これはレンズにこだわってると思われるシーン。電灯がえらく大きくなって天井も近く見えるのはカメラが中望遠で圧縮されてるからだろうか。ちなみに他のシーンでは広角になって天井が遠くなるものもある。

あまりレンズに興味がない人も読んでいるかもしれないので、ざっくり効果について書いておく。広角というのは広く写せる(画角が広い)レンズのことで、近くにあるものは大きく、遠くにあるものは小さくなる。一方で望遠はみんな聞いたことがあるであろう、拡大して写せるレンズ(画角が狭い)である。こちらは圧縮効果といって、遠くのものも大きく写る。

この二つのシーンは時系列的にも繋がってるのだが面白かった。上の画像では超広角で魚眼というほどではないけど歪曲している。この表現が8話では他にもあった。そして下の画像は後ろのノレンが大きく写る。おそらく望遠寄りなのだろう。

こういったレンズの画角をアニメにゴリゴリ使ってくるのがとても楽しいのだ。

どこからどこまでがCGなのか分からないのではあるが、カメラの位置や画角をCGなら色々試してプレビューもできるんだろうか。
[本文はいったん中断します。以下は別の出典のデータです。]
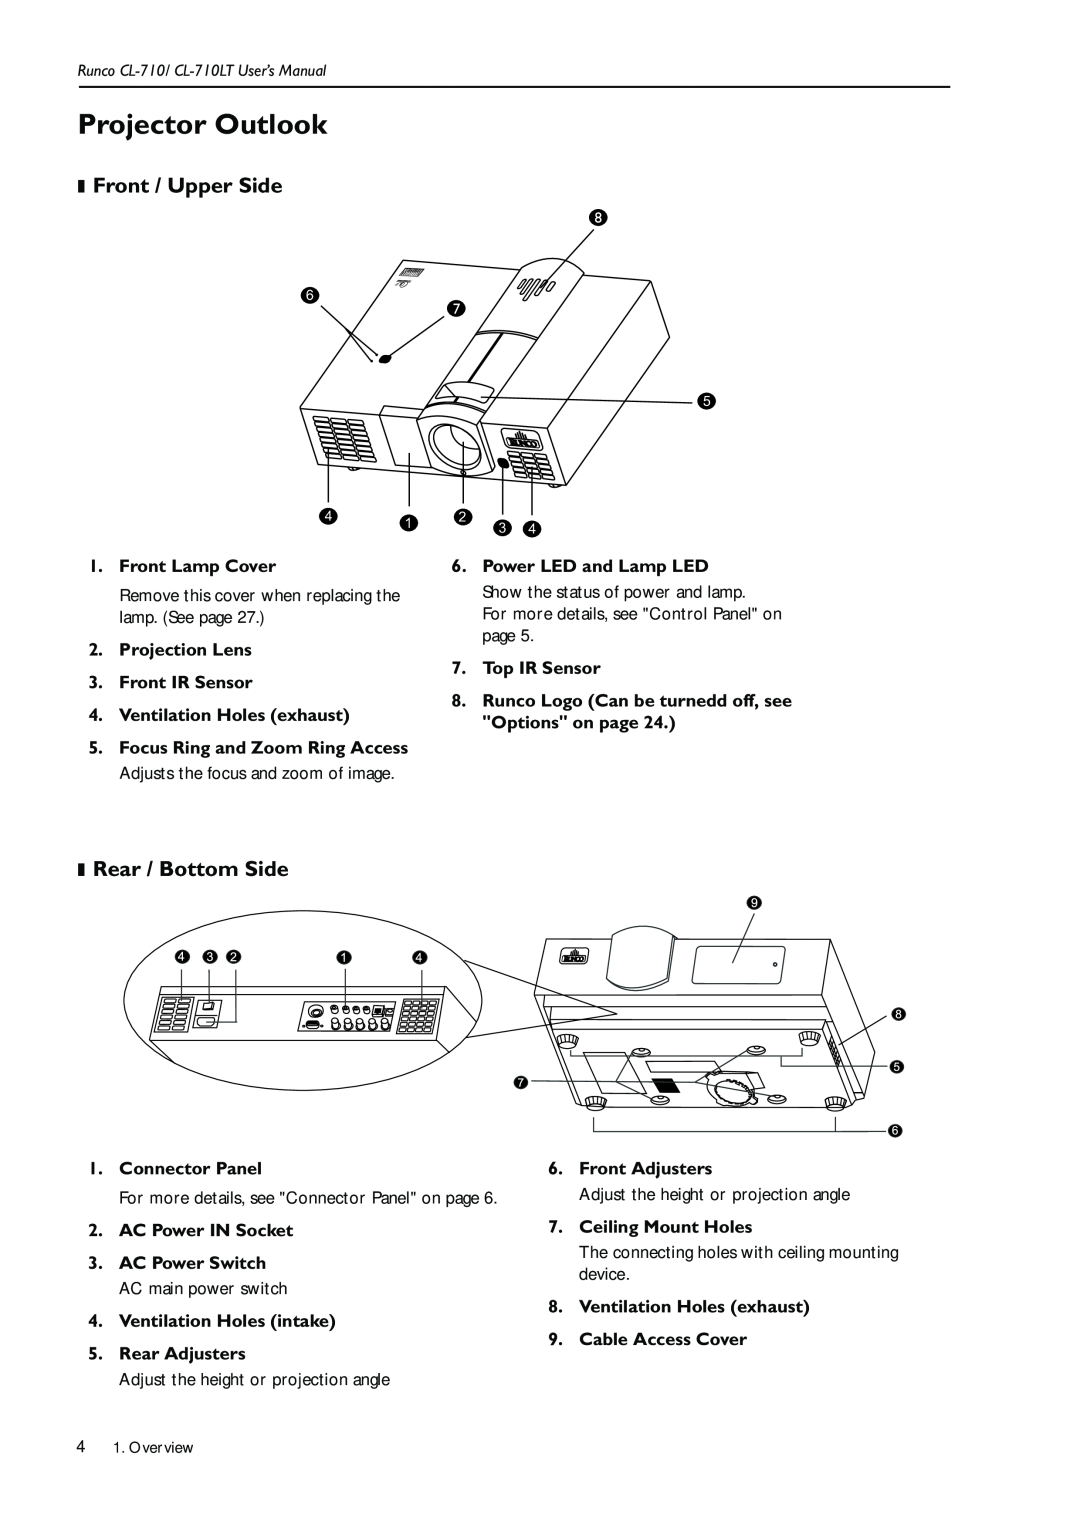 Runco CL-710LT, Reflection manual Projector Outlook, Front / Upper Side, Rear / Bottom Side

なんにせよ、アニメだけどその場面を撮ってるカメラの存在をいれてくるのがニクい演出であった。

応援していこうぜ

少々愚痴になってしまうが、最近のアニメはとにかくただの商売で作っているのでは、と感じてあまり楽しめなかった。そんな中で挑戦と工夫が詰まった今作には感謝したいのである。